▸ Problem requirements:
Retype, exactly and with nothing added, the lines from the one showing "Who was Aryabhata" through the final line of the material. Omit pictures.

▸ Provided data:
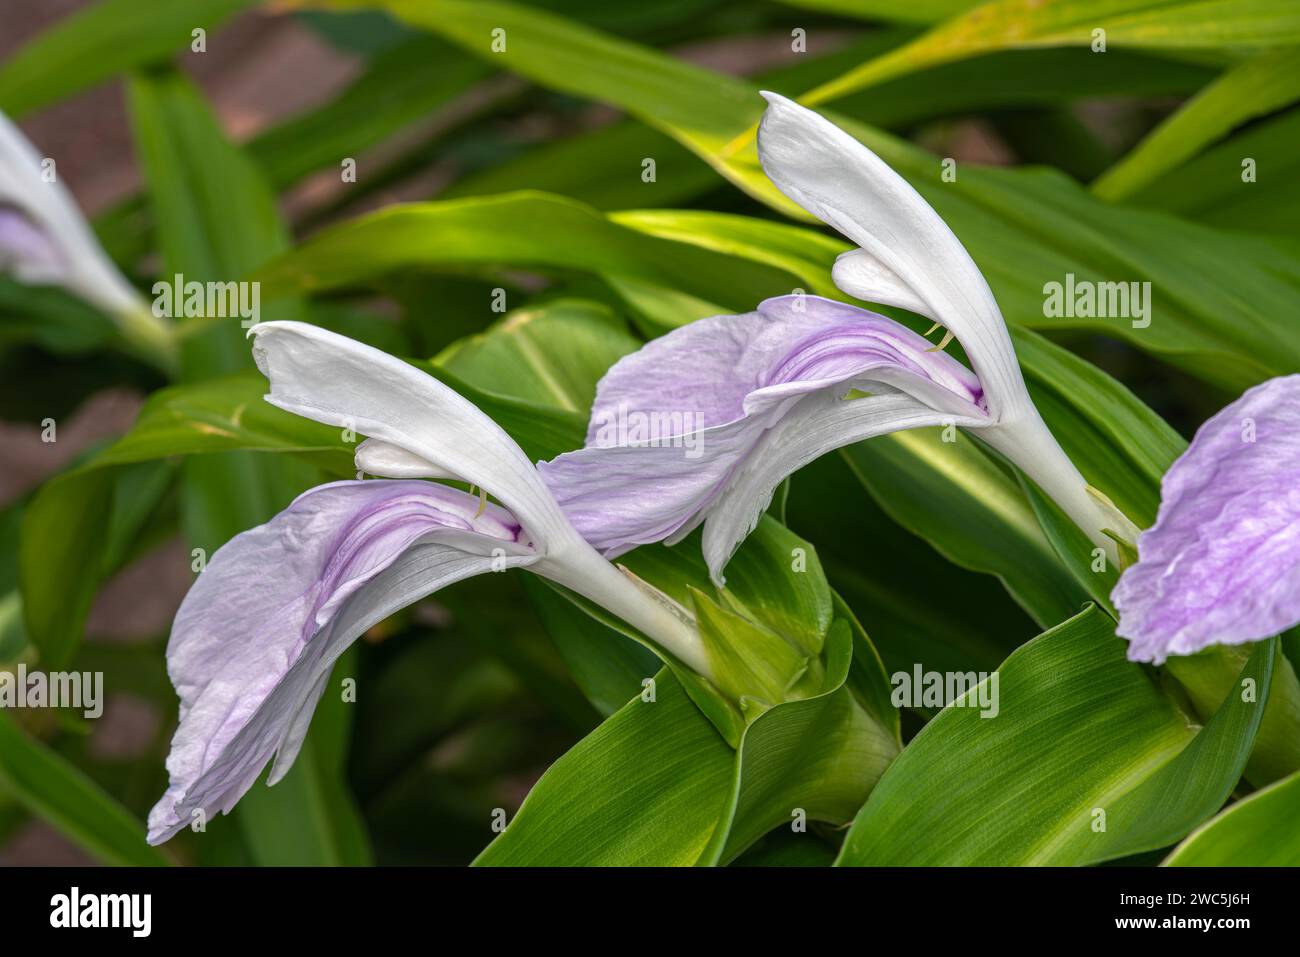 Roscoea purpurea a summer autumn fall flowering plant with a purple summertime flower commonly known as Bhordaya, stock photo image Stock Photo
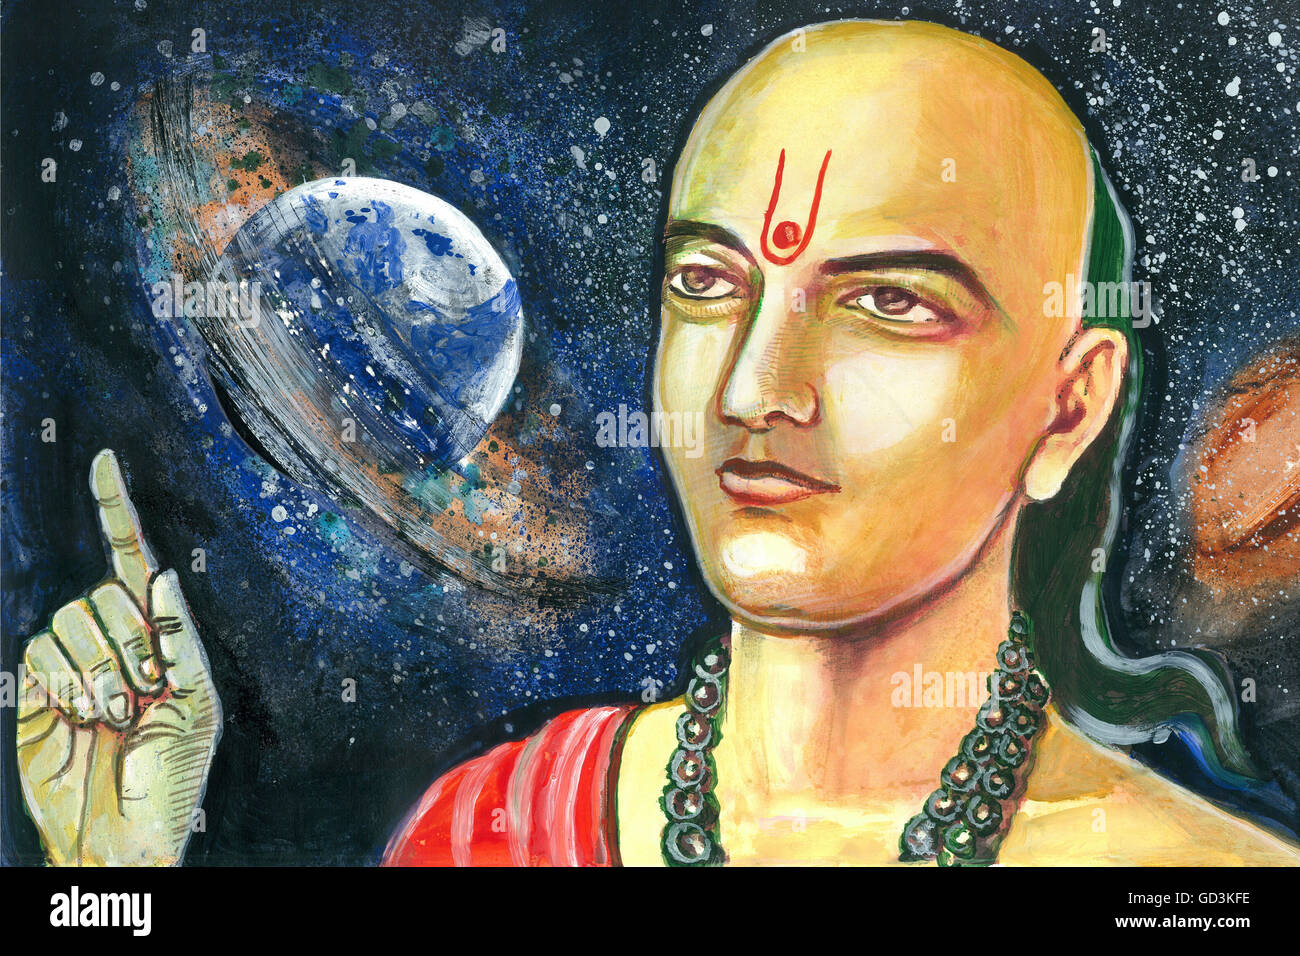 Who was Aryabhata and what was his contribution? - Quora
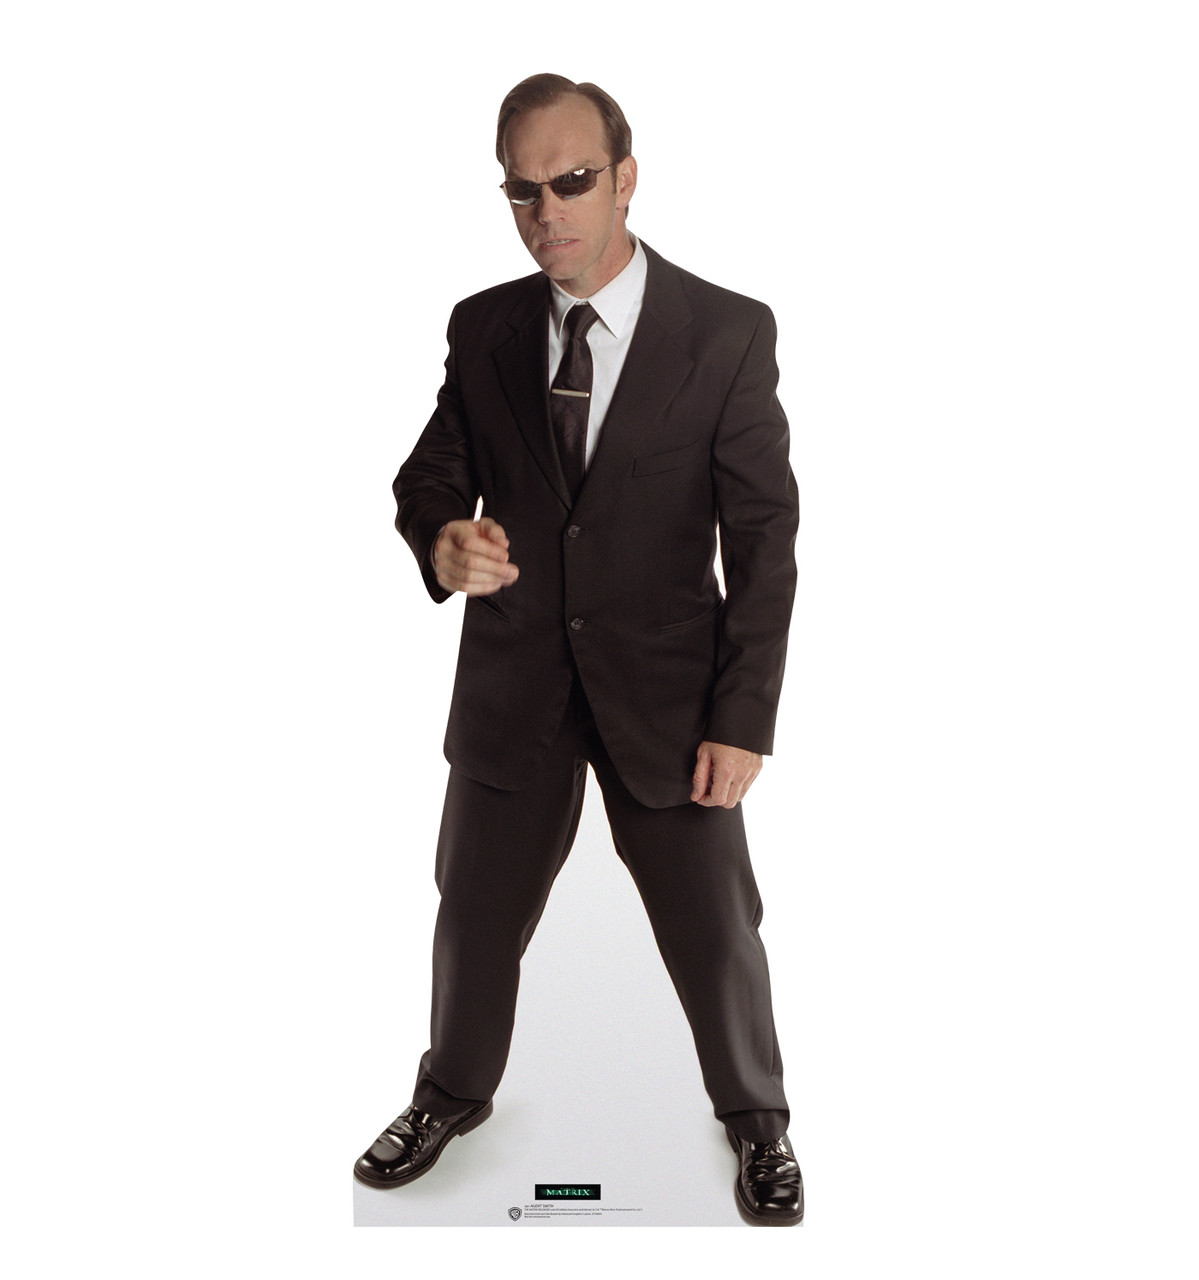 Life-size Cardboard Cutout of Agent Smith | 3801

▸ Written solution:
 Who was Aryabhata and what was his contribution? - Quora
 Life-size Cardboard Cutout of Agent Smith | 3801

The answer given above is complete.